EXERCISE AIM
Word for word, please restate the line that contains "The queen of" and all lines after it through the end of the material, minus the pictures.

GIVEN DATA
■ ■ ■

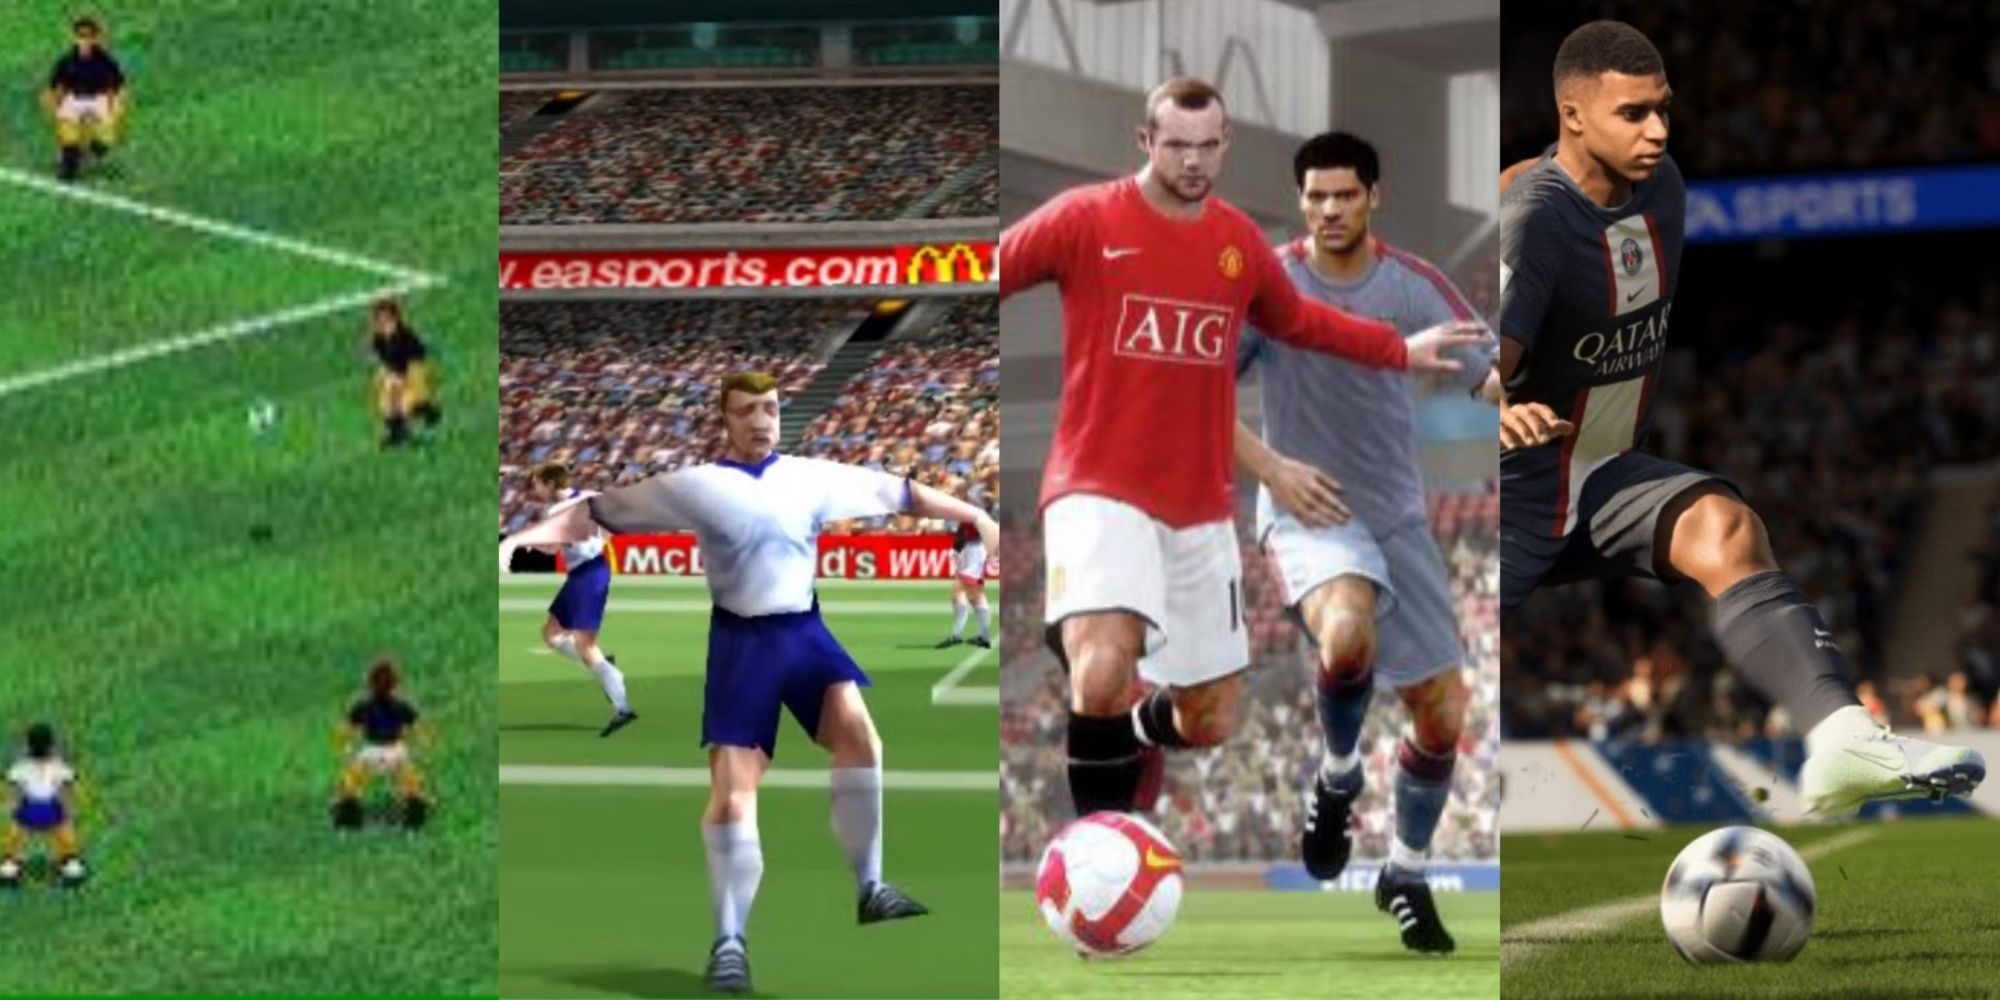 Split images of various players on football pitches in FIFA games
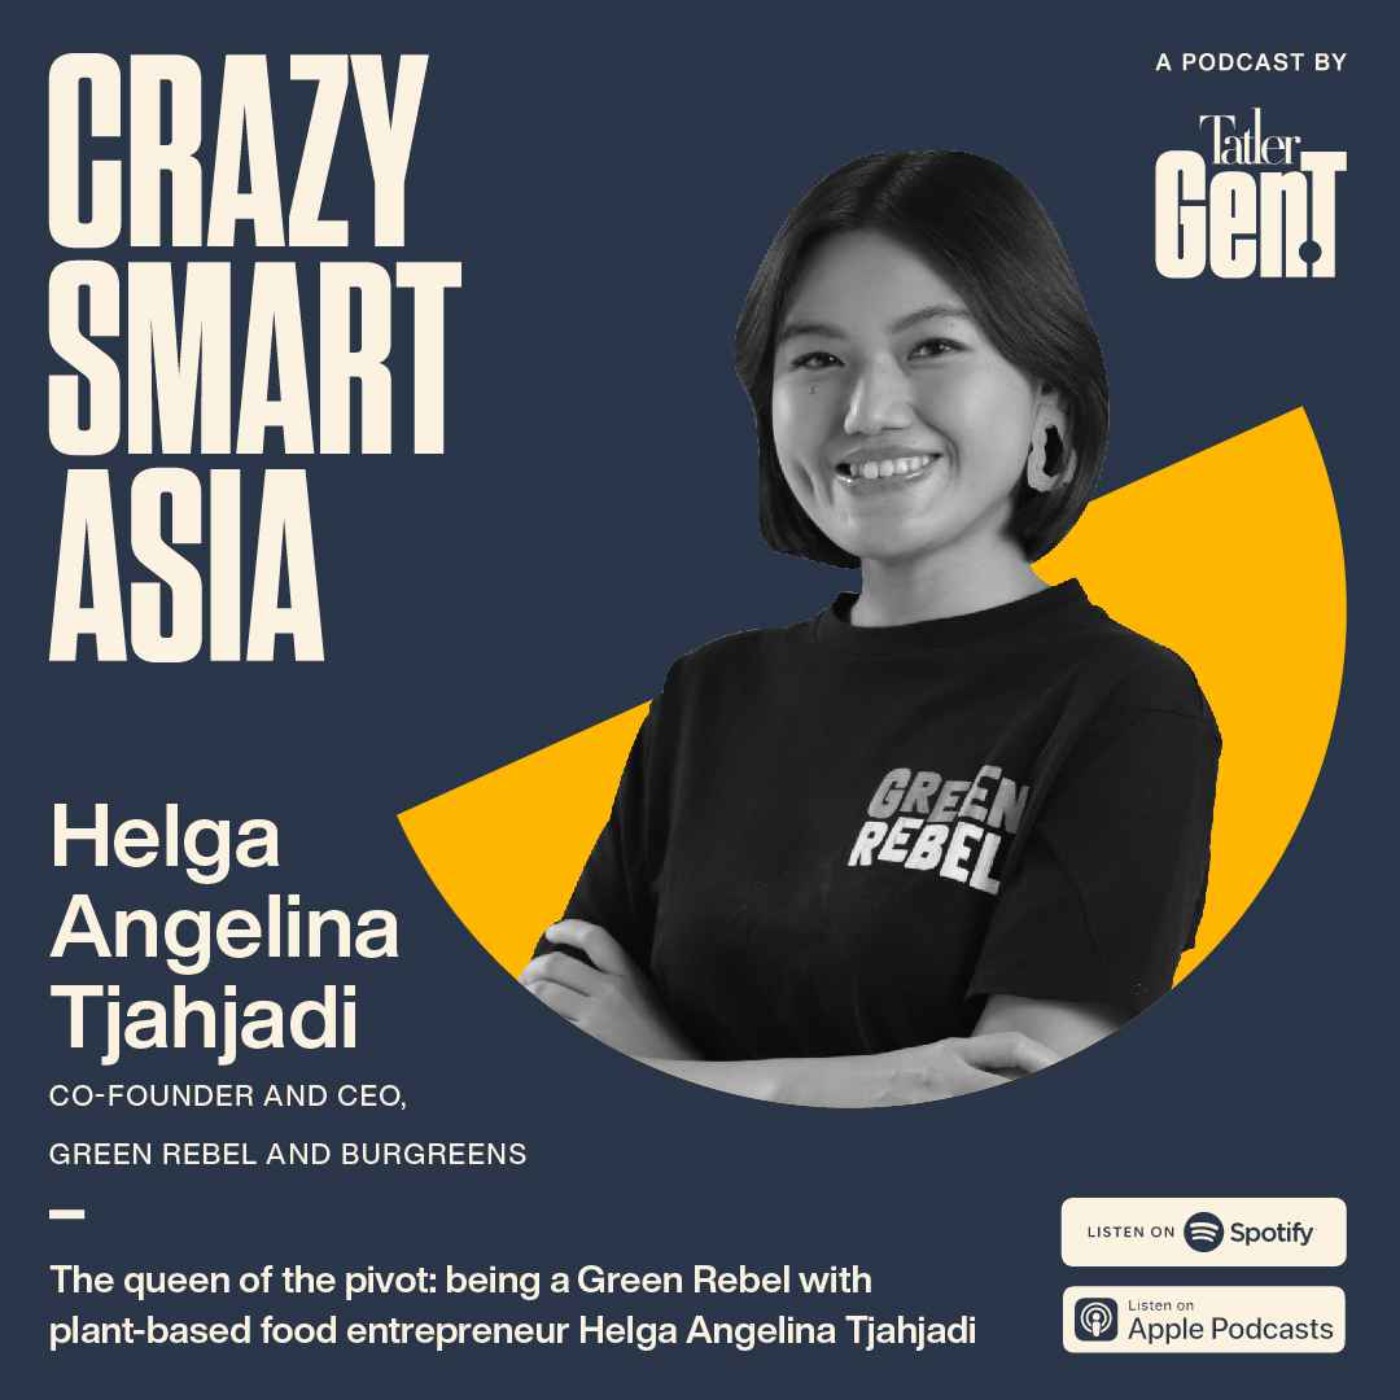 The queen of the pivot: being a Green Rebel with plant-based food entrepreneur Helga Angelina Tjahjadi
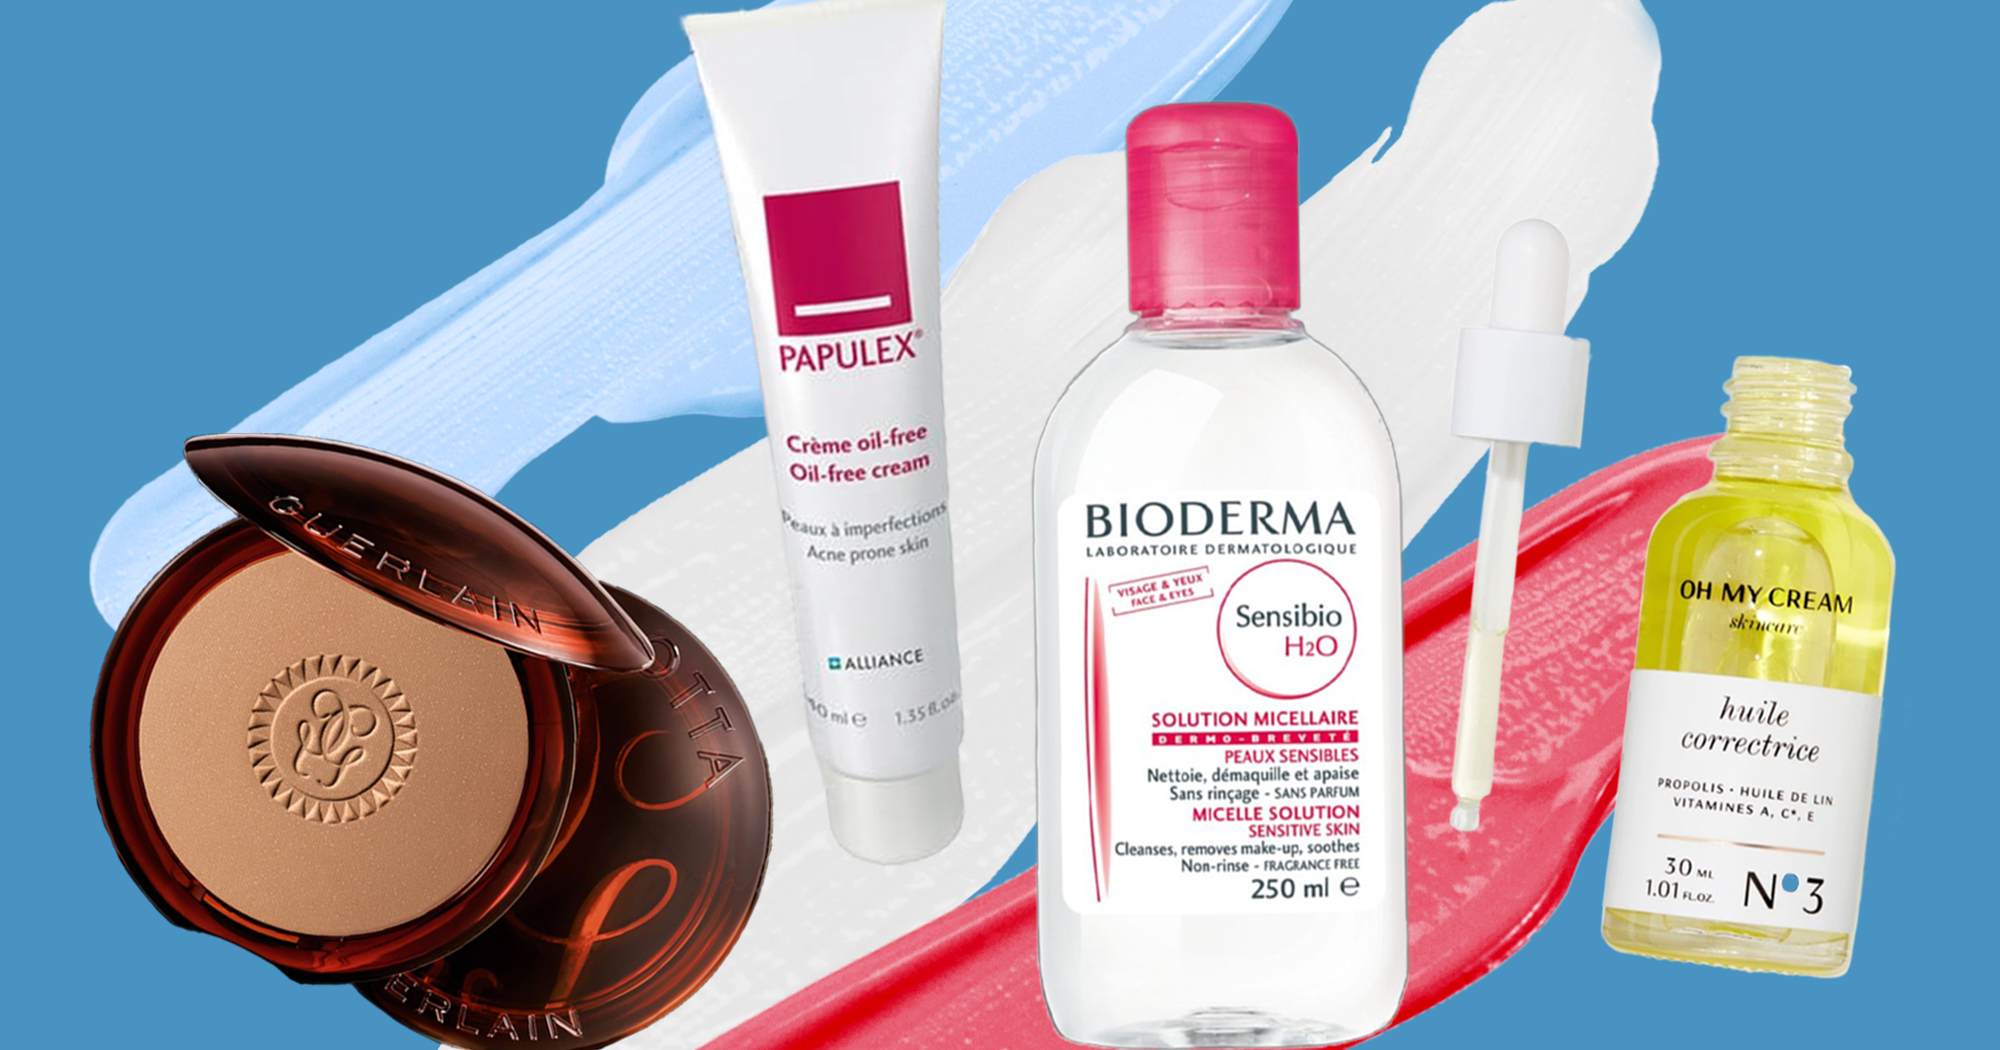 7 French Beauty Products For Beautiful Skin - The Reluctant Parisian
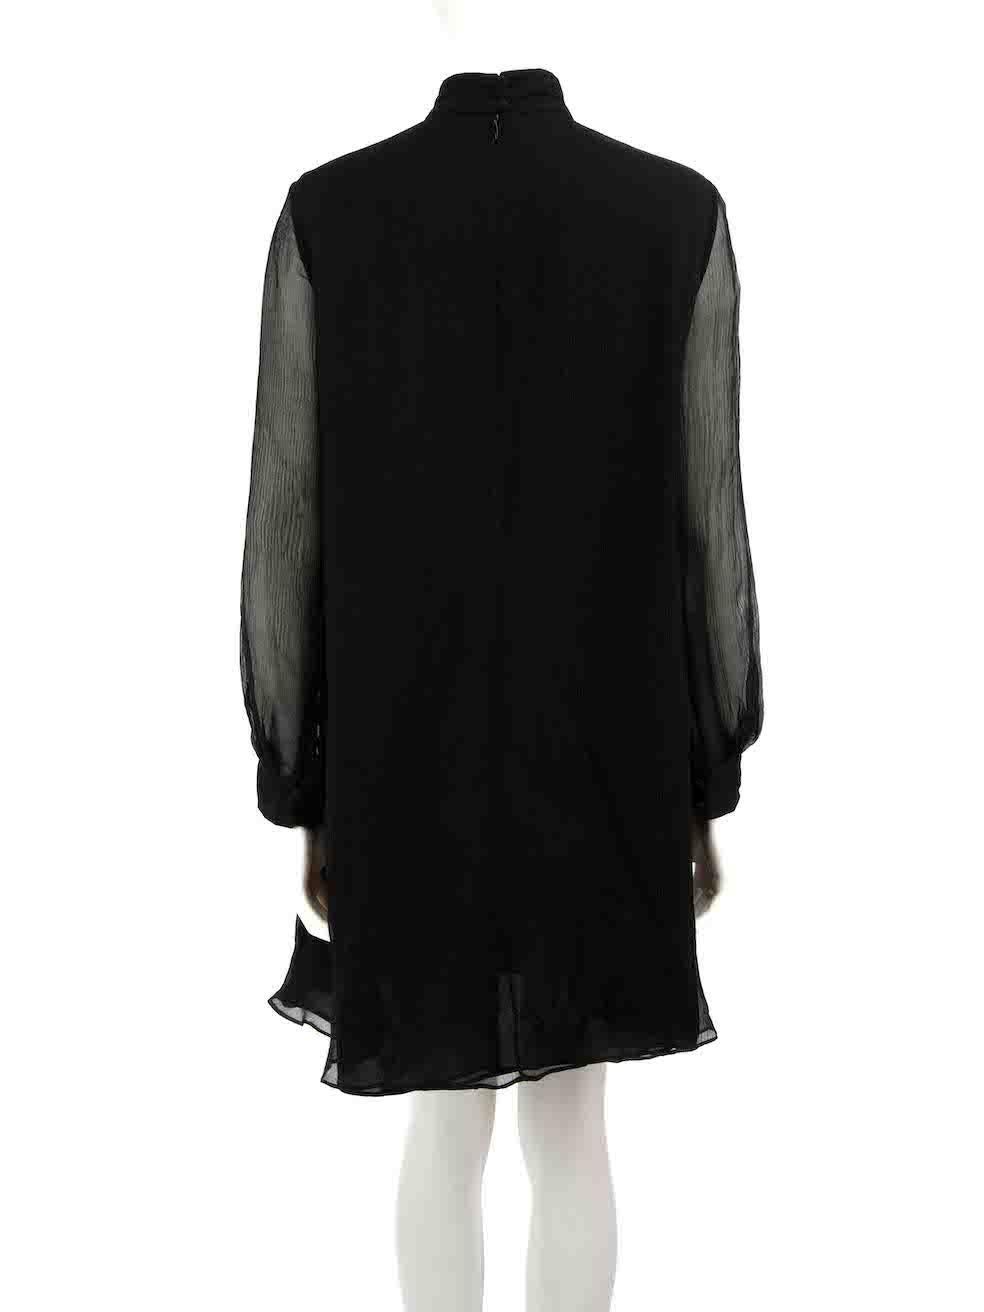 Alexander McQueen Black Silk Chiffon Dress Size M In Excellent Condition For Sale In London, GB

■ ■ ■

RESPONSE TO THE EXERCISE
 The queen of the pivot: being a Green Rebel with plant-based food entrepreneur Helga Angelina Tjahjadi
 7 French Beauty Products For Beautiful Skin - The Reluctant Parisian
 Alexander McQueen Black Silk Chiffon Dress Size M In Excellent Condition For Sale In London, GB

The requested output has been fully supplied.